American Samoa women's U-20
- Association: Football Federation American Samoa
- Confederation: OFC (Oceania)
- Head coach: Steve Settle
- Top scorer: Elcy Lui (2)
- Home stadium: Veterans Memorial Stadium
- FIFA code: ASA
| First colors | Second colors |

First international
- American Samoa 0–0 Fiji (Nuku'alofa, Tonga; 23 April 2002)

Biggest win
- American Samoa 3–2 Samoa (Matavera, Cook Islands; 3 September 2019)

Biggest defeat
- Tonga 16–0 American Samoa (‘Atele, Tonga; 13 March 2025)

World Cup
- Appearances: 0

OFC U-20 Women's Championship
- Appearances: 3 (first in 2002)
- Best result: Fourth place (2010)

= American Samoa women's national under-20 football team =

National youth association football team

The American Samoa women's national under-20 football team is the highest women's youth team of women's football in American Samoa and is controlled by the Football Federation American Samoa (FFAS).

==History==
American Samoa is known as one of the worst football teams in the world. In that perspective their debut at the OFC U-20 Women's Championship was quite good. They made their debut in 2002 at the first tournament ever held. They managed to draw two times with only one loss: just 2–0 against giants New Zealand. The team managed to score two goals in their 2–2 draw against Samoa. They ended up 3 out of 4 in the group, above Fiji.

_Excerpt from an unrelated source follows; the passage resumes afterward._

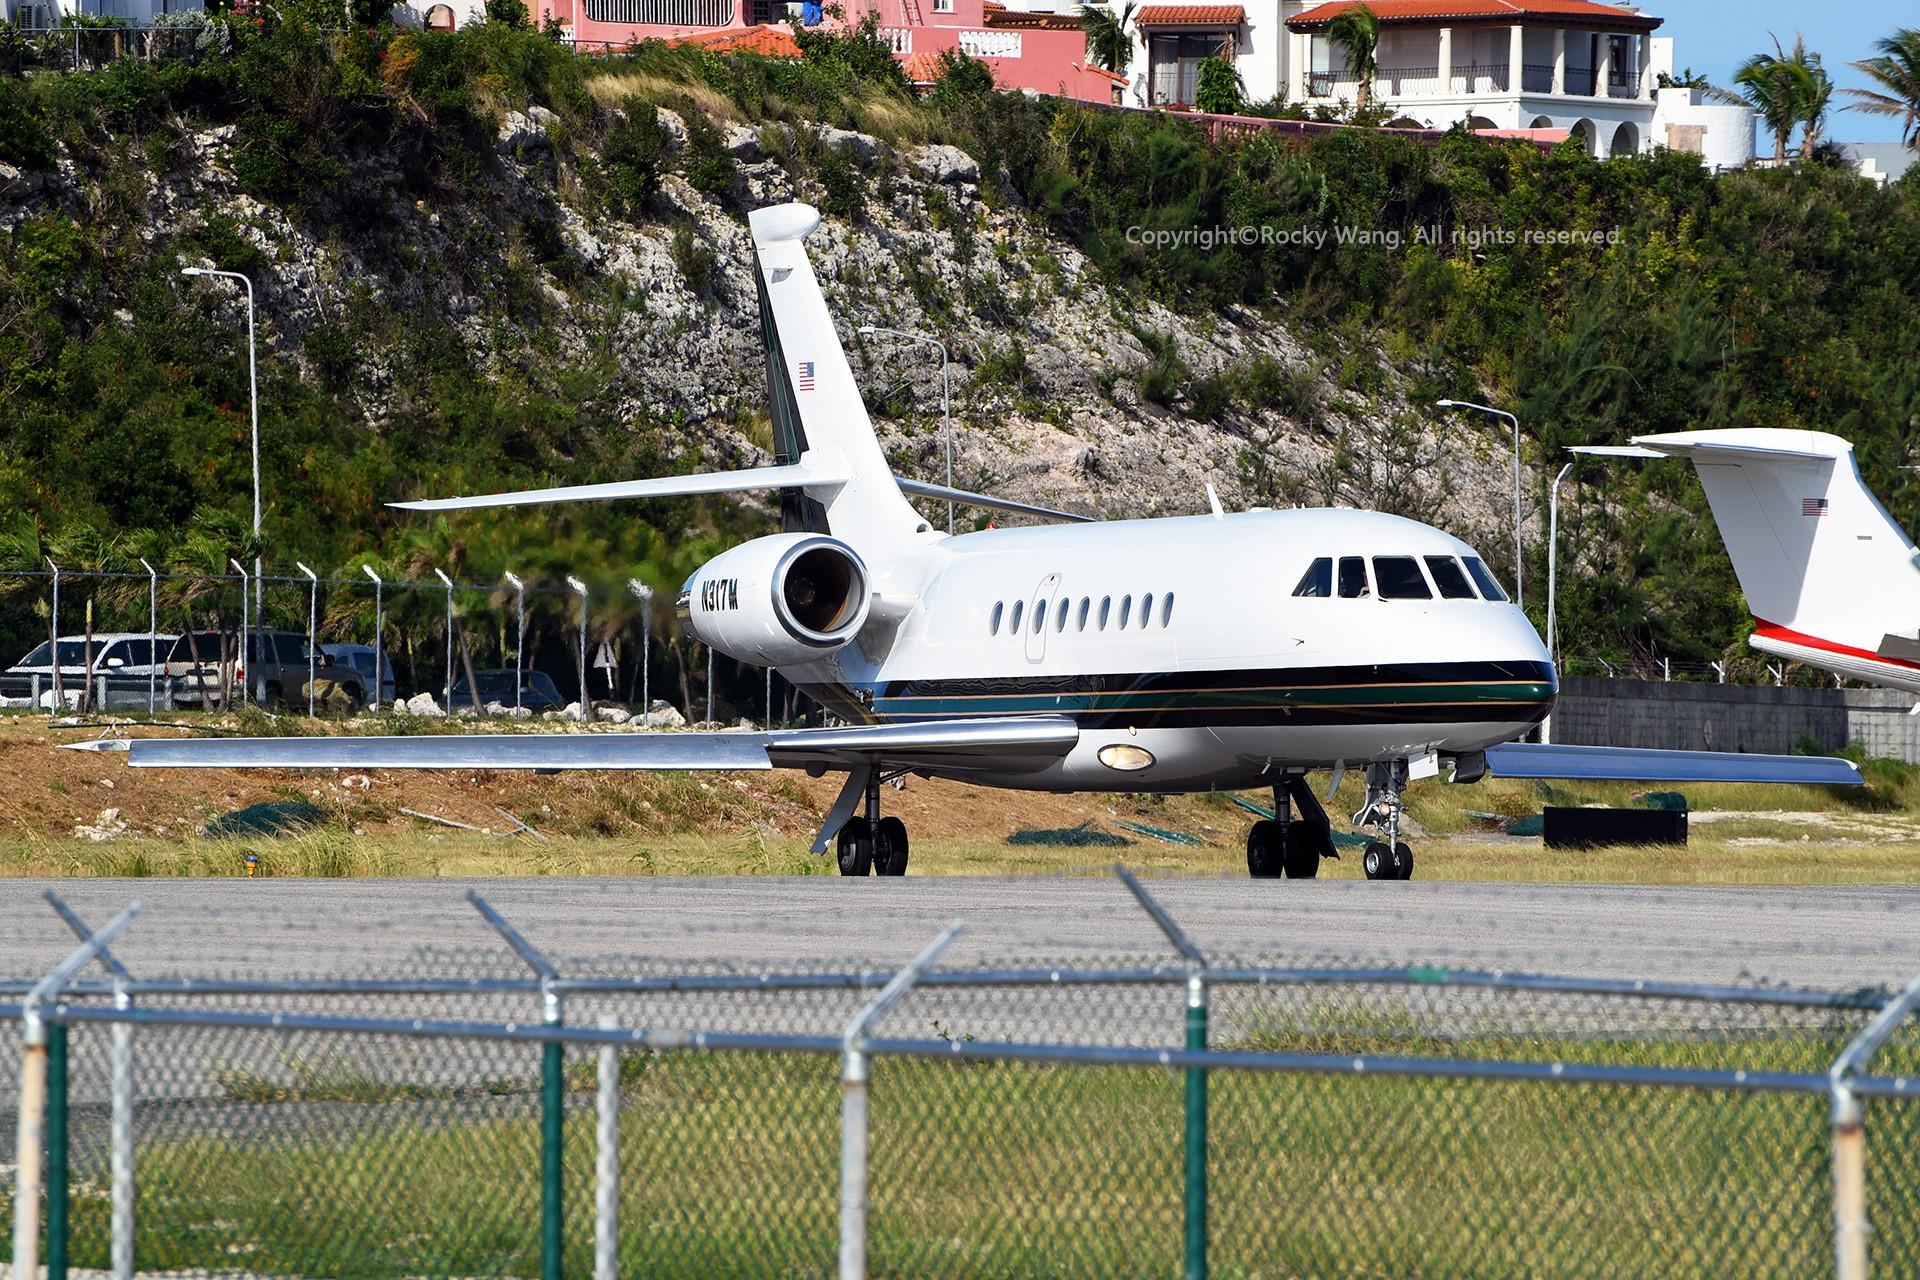 Re:[原创]My endless Caribbean dream——圣马丁朱莉安娜公主机场拍机记 DASSAULT FALCON 2000 N317M 荷属安的列斯群岛朱利安娜公主机场

Eight years later, in 2010, the team struggled a whole lot more. They lost all their three games: two 4-0 defeats against Tonga and the Cook Islands and an 8–0 defeat against New Zealand.

After two tournaments the American Samoa team has never won and just scored two goals. However they will participate again in 2019.

==OFC Championship Record==

OFC U-20 Women's Championship
| Year | Round | Pld | W | D | L | GF | GA | GD |
| TGA 2002 | Group stage | 3 | 0 | 2 | 1 | 2 | 4 | -2 |
| PNG 2004 | Did not Participate |  |  |  |  |  |  |  |
SAM 2006
| NZL 2010 | Fourth Place | 3 | 0 | 0 | 3 | 0 | 16 | -16 |
| NZL 2012 | Did not Participate |  |  |  |  |  |  |  |
NZL 2014
TGA 2015
NZL 2017
| COK 2019 | Group stage | 3 | 1 | 0 | 2 | 3 | 21 | -18 |
| FIJ 2023 | Did not Participate |  |  |  |  |  |  |  |
| Total | 3/10 | 9 | 1 | 2 | 6 | 5 | 41 | -36 |

==Current squad==
The following players were called up for the 2019 OFC U-19 Women's Championship from 30 August – 12 September in Avarua, Cook Islands.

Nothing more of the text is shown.